State starts to set Clallam water rules

By Jim Casey, Peninsula Daily News


April 8, 2007

Clallam County, WA - State water planners have started the process that will decide if the Elwha and Dungeness rivers are half-empty or half-full for both salmon and humans.

The Department of Ecology, aided by Clallam County government and selected citizens, is setting rules for Water Resource Inventory Area 18, better known as WRIA 18, that includes both river basins.

The rules - separate sets for each watershed - will attempt to divvy up their water for both humans and fish.

The rules will affect both economic development and the environment.

By law, Ecology is charged both with managing drinking water for people and with conserving water for salmon.

Once it sets rules, Ecology is expected to end its ban on new water rights in Clallam County, meaning the Public Utility District and other water purveyors could drill new wells to supply new public systems.

Ecology would require such wells, however, to be drilled to the second aquifer - a layer of rock that holds water - or deeper.

The preliminary plan for WRIA 18 - weathered by controversy and winnowed in public meetings - received Clallam County commissioners' approval in June 2005 after five years of work.

Renewed water rights
Hundreds of pages long, that plan is only a guideline, however, for Ecology's rule-setting process that could last eight months or more and cost the state hundreds of thousands of dollars.

The kernel of contention will be water rights - permission from Ecology to drill and pump from wells - especially in the rapidly developing Dungeness Valley.

Those rights, in turn, will be determined by what are called instream flows - how much water must be reserved for threatened Chinook salmon, Hood Canal and East Juan de Fuca Strait summer chum, and bull trout to migrate and spawn.

And those flows may be affected by a number of conservation strategies, one of which would store water underground during the region's wet winter.

The water then could be withdrawn in summer and fall to fill irrigation ditches and the rivers themselves.

Clallam County Commissioner Steve Tharinger, D-Dungeness, long active in efforts to restore the Dungeness River, said Friday that Ecology had "started the clock ticking."

The state supposedly has 120 days to draft its rules, "but I don't think that is realistic," he said.
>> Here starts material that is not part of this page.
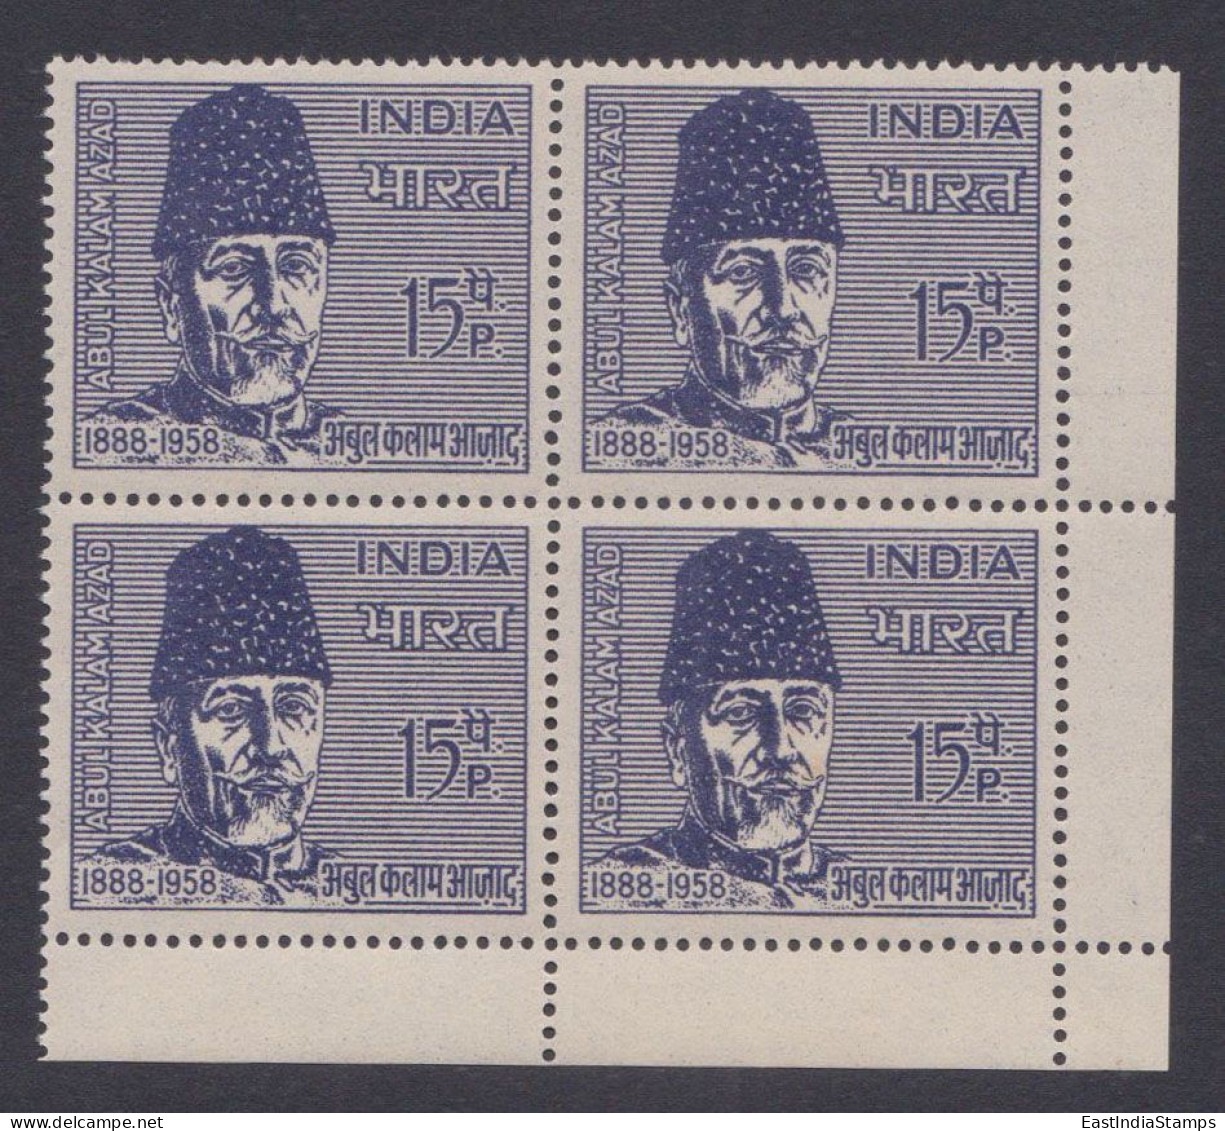 Inde India 1966 MNH Maulana Abul Kalam Azad, Indian Independence Leader, Muslim Politician, Writer, Congress, Block - Ongebruikt

Rather, he thinks Ecology may render its final rules late this year or early in 2008.


Quarrelsome process
Easing the process will be the work - often quarrelsome - that forged the WRIA 18 preliminary plan.

In autumn 2004, strong objections from real estate dealers, well drillers and developers prompted commissioners to send the plan back "on the road" to civic clubs and interest groups.

It gathered broad - if sometimes grudging - support in the process.

Today, the Dungeness Water Working Group - which Tharinger said "will be doing a lot of the heavy lifting" in the citizen role of the rule-making process - has a broad base of members.

"The various constituent groups - well drillers, Realtors, developers, environmentalists - are at the table," he said.

"There's going to be some intense discussion, but I think we'll get there."

Just where is "there" includes the question of instream flows, the set-aside amount of water for fish.

"The idea is to come up with some sort of water banking or recharge," Tharinger said.

"There's going to be a lot of discussion about the ability to move water around," he said, among competing users: residents, farmers and fish.

Being thrifty with water
Meanwhile, a corollary activity to the WRIA 18 - identifying and repairing failing septic tanks - is under way under the direction of the county and state Departments of Health.

The WRIA 18 plan can be found at the Clallam County Web site, www.clallam.net.

More information on the Ecology rule-making process is available at www.ecy.wa.gov/programs/wr/instream-flows/dungeness.html.

"The process is just starting out," said Tharinger.

"The key really will be management of the resource, whether it's setting up a water bank or storage or recharge or whatever."

In other words, Tharinger said, people in Clallam County must learn to be thrifty with what they once thought they had in overabundance - water.

"People can't continue to use water," he said, "without some thought of conservation."